Member of the Victorian Parliament for Camberwell
- In office 18 March 1956 – 31 March 1976
- Preceded by: Robert Whately
- Succeeded by: Seat abolished

Personal details
- Born: Vernon Francis Wilcox 10 March 1919 Camberwell, Victoria, Australia
- Died: 13 March 2004 (aged 85) Melbourne, Victoria, Australia
- Party: Electoral Reform Party Liberal Party of Australia (VIC)
- Spouse: Jean Wilcox ​ ​(m. 1942)​
- Education: Carey Baptist Grammar School
- Alma mater: University of Melbourne
- Profession: Politician; Lawyer;

Military service
- Allegiance: Australia
- Branch/service: Royal Australian Naval Volunteer Reserve
- Years of service: 1942–1945
- Rank: Lieutenant
- Battles/wars: World War II Pacific Campaign; ;

= Vernon Wilcox =

Australian politician (1919–2004)

Vernon Francis Wilcox (10 April 1919 - 13 March 2004) was an Australian politician. In a political career spanning twenty years, he represented the electorate of Camberwell in the Victorian Legislative Assembly and held many positions in the Victorian Cabinet. He is best known today as the initiator of the Melbourne Underground Rail Loop, but also delivered a memorable speech to parliament in 1971 in favour of building a railway line to complement the Eastern Freeway.

Wilcox was born in Camberwell, a suburb of Melbourne. He was educated at Carey Baptist Grammar School, where he won the "Henry Meeks Medal for Leadership, Scholarship and Athletics" in 1932 and 1935 and acted as School Captain from 1935 to 1936. Wilcox maintained an interest in the school long after he graduated, and from 1963 to 1970 he served on the School Council and President of the Old Carey Grammarians Association (OCGA) in 1950. After secondary school, Wilcox went on to study law at the University of Melbourne where he was resident at Ormond College. He matriculated shortly before the outbreak of World War II, and joined the Royal Australian Naval Volunteer Reserve, serving as a Lieutenant from 1942 to 1945. During his time in the Navy, he worked as liaison officer to the United States of America's Seventh Fleet. After the war, Wilcox put his degree into practice, joining his father's firm, Hall and Wilcox, in 1946.

In the 1940s, Wilcox became active in the Liberal Party but, in 1952, he contested the seat of Camberwell unsuccessfully, as a member of the break-away Electoral Reform Party. Back in the Liberal Party fold, he successfully contested Camberwell at a 1956 by-election. In 1964, he became a Cabinet Minister, being appointed Assistant Chief Secretary, Assistant Attorney-General, and Minister for Immigration. In 1965, he remained Assistant Attorney-General, but replaced the other two portfolios with the role of Minister for Labour and Industry. In 1967, he was made Minister of Transport, and in 1973, he became Attorney General. Wilcox retired from Parliament in 1976. Looking back over his career, he cited turning the first sod on the project to build the Melbourne Underground Rail Loop in June 1971 as his proudest memory. In 2001, Wilcox wrote Minister for the Crown, in which he reflected on his life in pre-war Melbourne, and his career in politics as a member of the Bolte and Hamer Ministries. The book's foreword was penned by Geoffrey Blainey.
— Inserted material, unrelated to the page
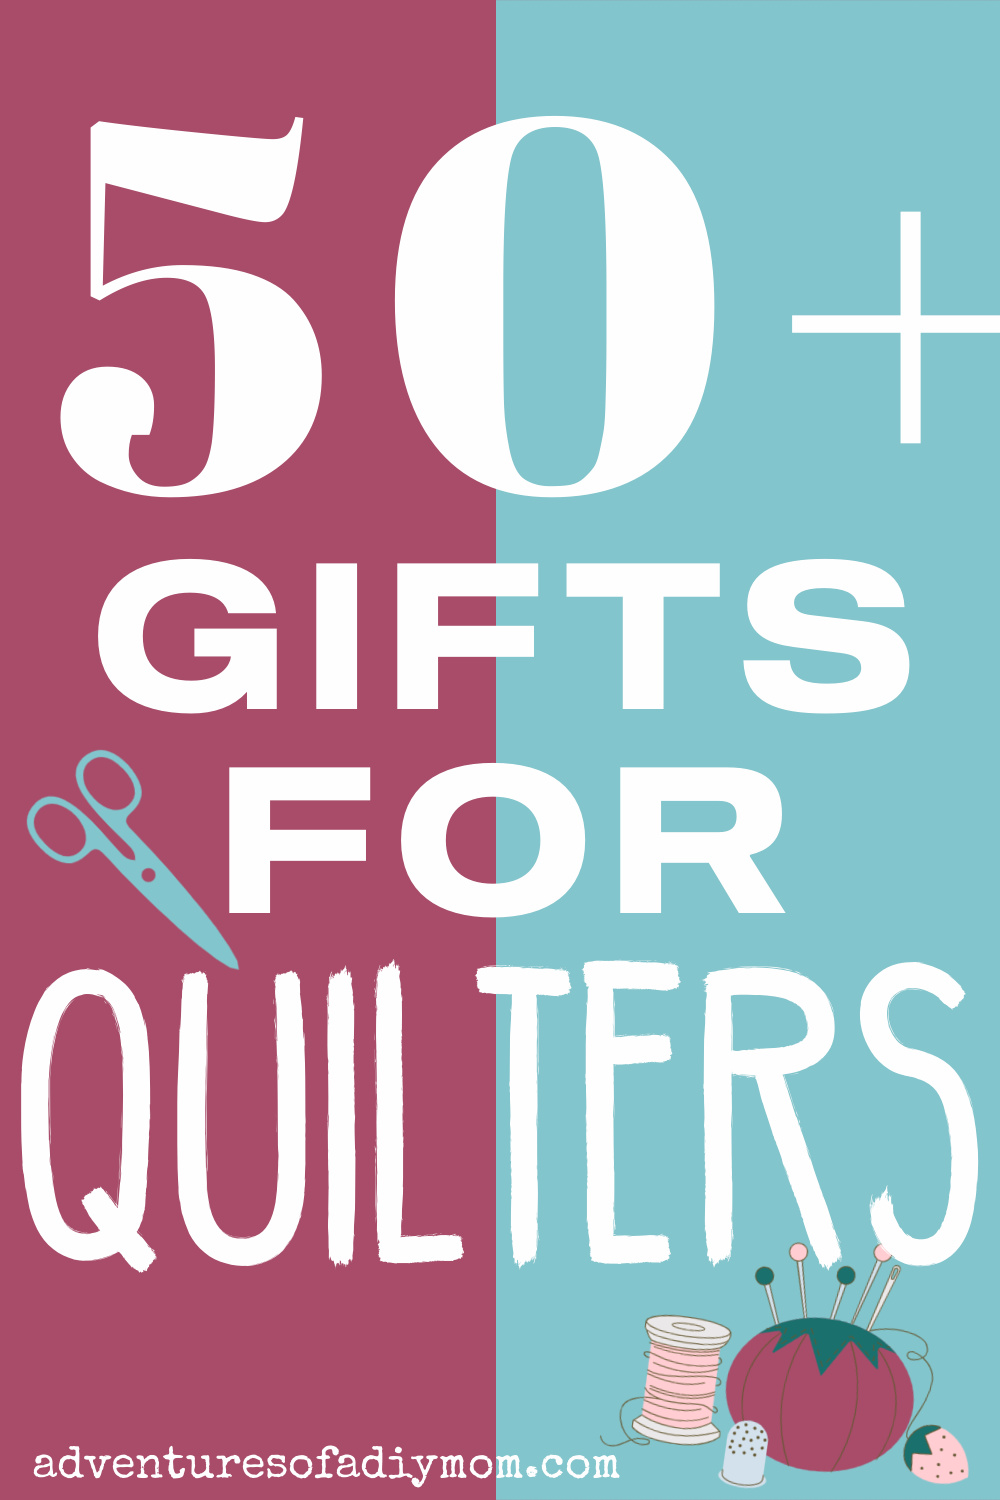 Coffee Quilt Nap Repeat: vintage quilt gifts for quilters, Quilter

In 1998, Wilcox was selected as a delegate to the fourth Constitutional Convention, running on a "Safeguard the People" ticket. His mission at the Convention was to ensure that any modifications made to the Australian Constitution towards a Republic maintained the present checks and balances against Centralism and the power of the Executive and the Judiciary. He argued, "We have had a Constitution, rightly or wrongly, that has been significantly destabilised, a generation of young people ... who believe we have a bad Constitution, paradoxically, when it is in fact the best in the world."
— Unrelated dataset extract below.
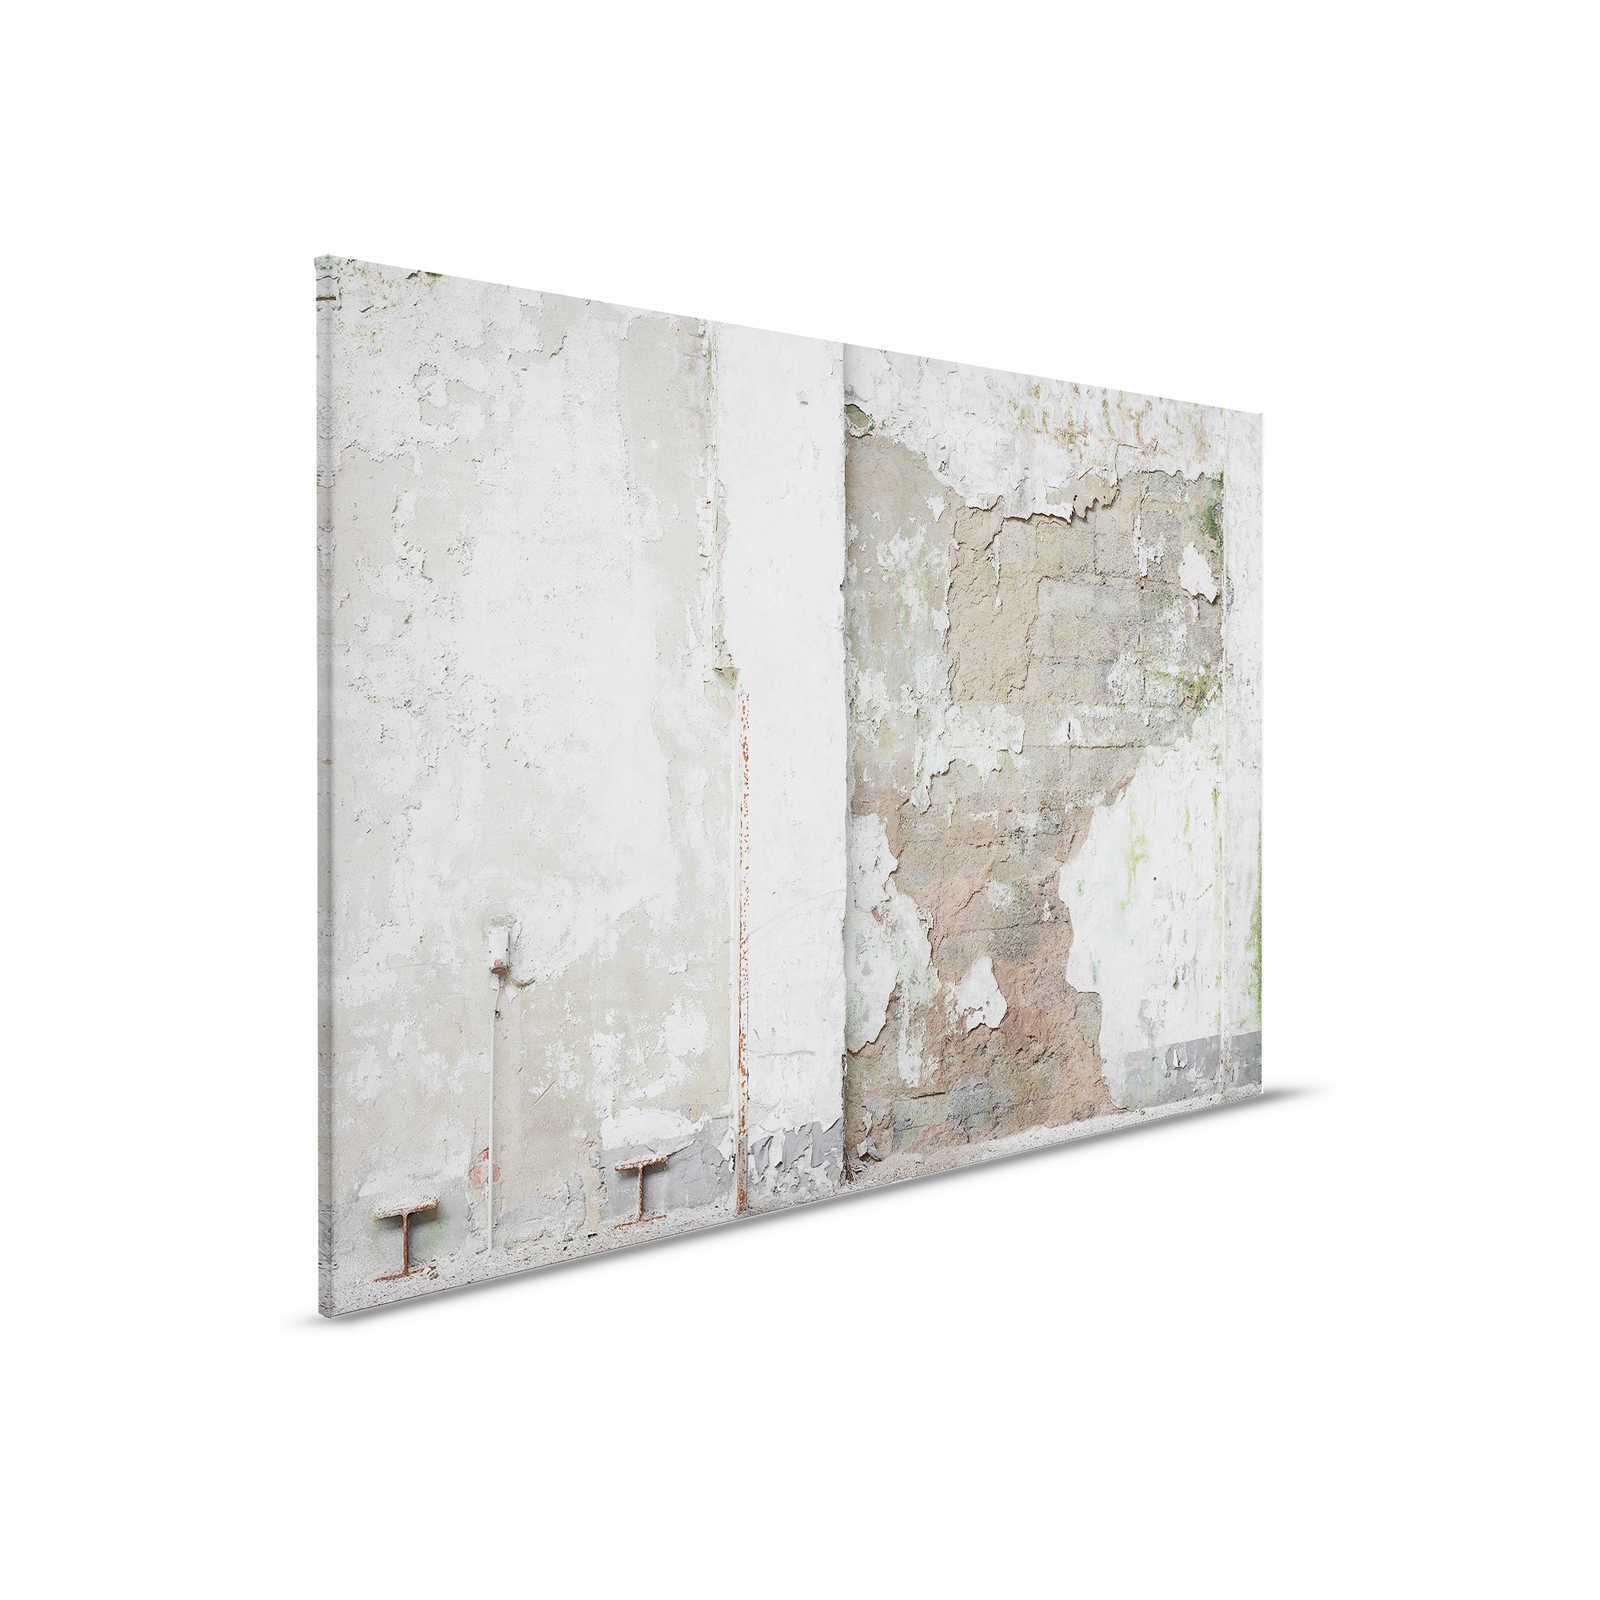         Concrete Used Look Canvas Painting - 0.90 m x 0.60 m

Wilcox was a keen sportsman. He played cricket as a wicket-keeper at university and later for Richmond Cricket Club, and in later life would be a trustee of the Melbourne Cricket Ground and maintained a long association with the Camberwell Magpies Cricket Club. He was also involved for decades with the Returned and Services League of Australia and the Royal Agricultural Society of Victoria. He was made Commander of the Order of the British Empire (CBE) in 1976. Wilcox married his wife Jean in 1942, and the couple had four children and thirteen grandchildren. He died in 2004, at the age of 84.